Part 4: Agents and computer use

The last tool group shows the pattern behind several of the previous tools. Agents are chat applications with tools. They can take actions on your behalf. For coding assistants, those actions can include listing files, reading files, writing files, searching a codebase, and running shell commands.

Product names change faster than the pattern. Once you recognize the agent loop, you can compare tools by the actions they can take, the context they can see, and the guardrails they give you.

Agents in coding tools

The public README gives the practical version:

  • Coding assistants and project bootstrappers both use agents for coding
  • Agents have tools such as reading files, writing files, and indexing the codebase
  • The model chooses when to use those tools

In the Snake examples, the difference is visible. A chat app can return a component. A coding agent can read the existing src/ folder, edit App.jsx, create components/SnakeGame.jsx, and run a build command.

That does not remove your responsibility. It changes where you spend time. You spend less time copying code and more time checking diffs, reading the tool output, and deciding whether the direction still matches the project.

In the earlier demos, the same pattern shows up several times:

  • Claude Code lists files, runs npm commands, and edits Vite files
  • Copilot reads the project and refactors App.jsx
  • Cursor looks at the score state, grid rendering, and border behavior
  • Lovable edits a hosted template and publishes a preview

To learn more about agents

The public README points to two learning resources:

Use those if you want to understand function calling and tool use directly instead of only through a coding product.

Anthropic computer use demo

The workshop also points to Anthropic's computer use demo. This demo gives the model a browser-like computer environment instead of only project files.

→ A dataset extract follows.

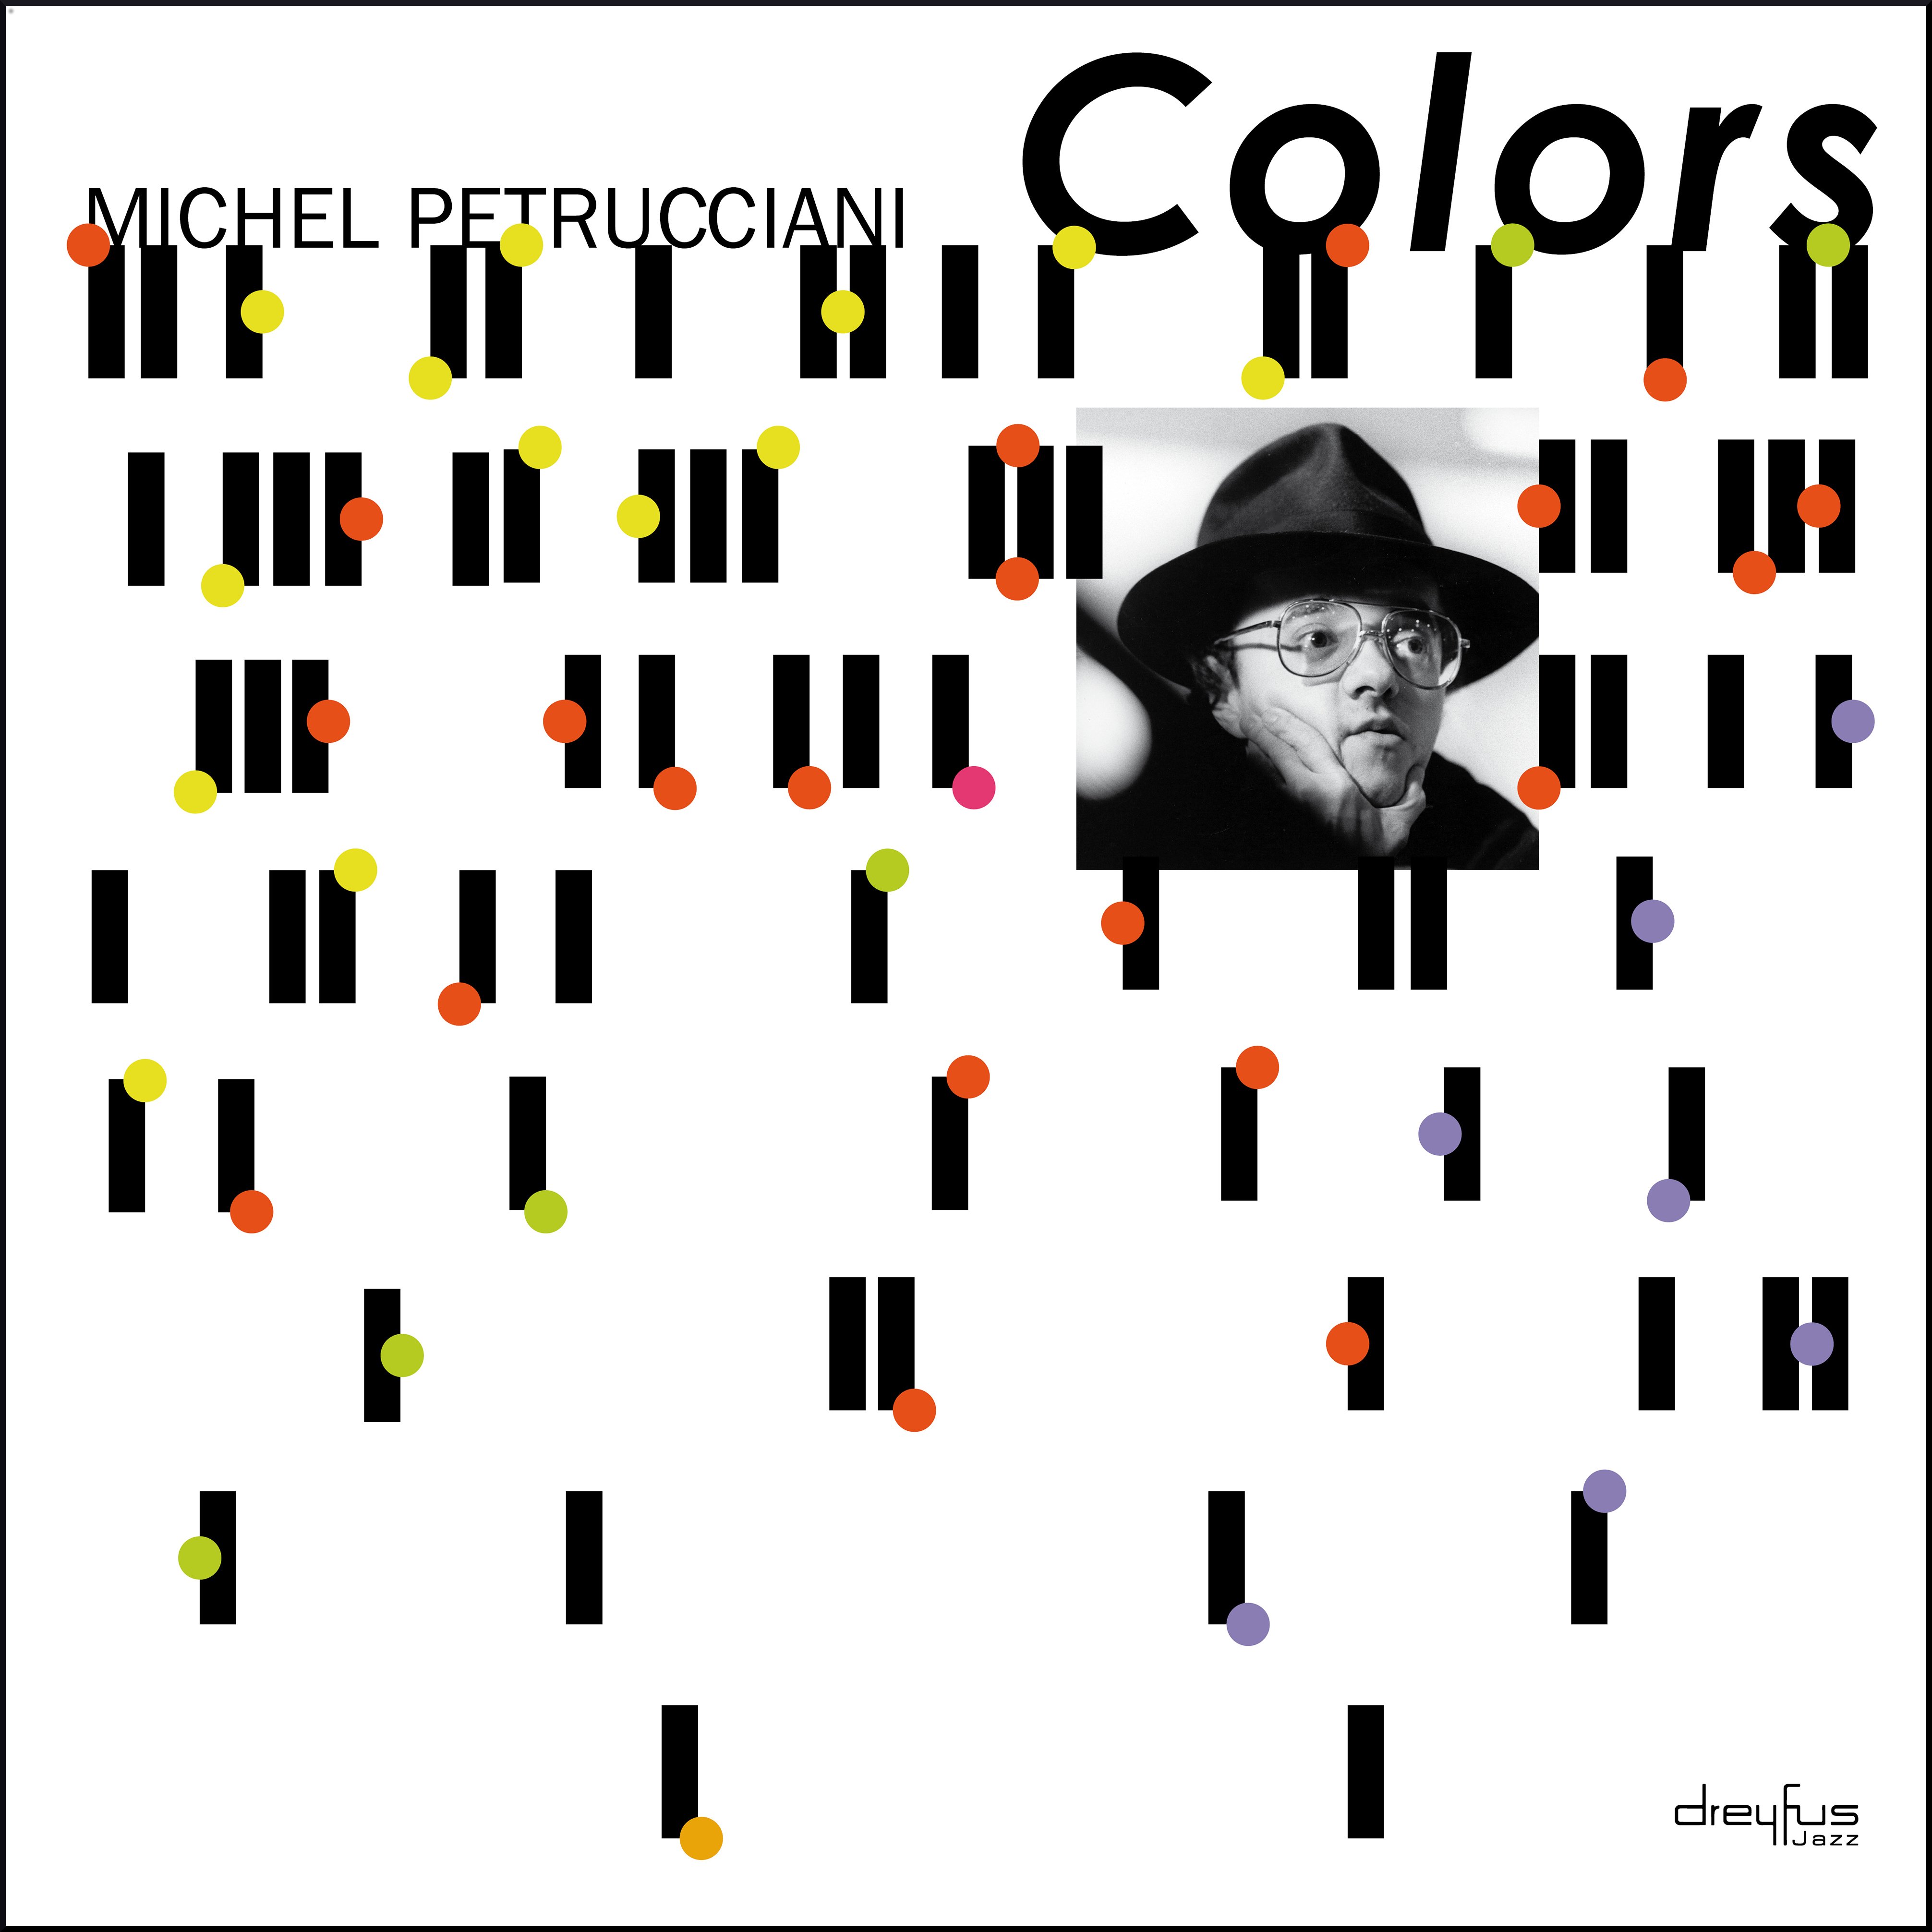 Il 25 ottobre esce “Colors” il nuovo album di Michel Petrucciani

Run it with Docker and an Anthropic API key:

docker run \
    -e ANTHROPIC_API_KEY=$ANTHROPIC_API_KEY \
    -v $HOME/.anthropic:/home/computeruse/.anthropic \
    -p 5900:5900 \
    -p 8501:8501 \
    -p 6080:6080 \
    -p 8080:8080 \
    -it ghcr.io/anthropics/anthropic-quickstarts:computer-use-demo-latest

The ports expose the demo interfaces from the container. The exact UI can change over time, so check the upstream quickstart if the container output prints a different local address.

After the container starts, Docker runs a Linux desktop environment. Inside that desktop there is an agent that can interact with the UI. The demo page shows a chat interface and a desktop view.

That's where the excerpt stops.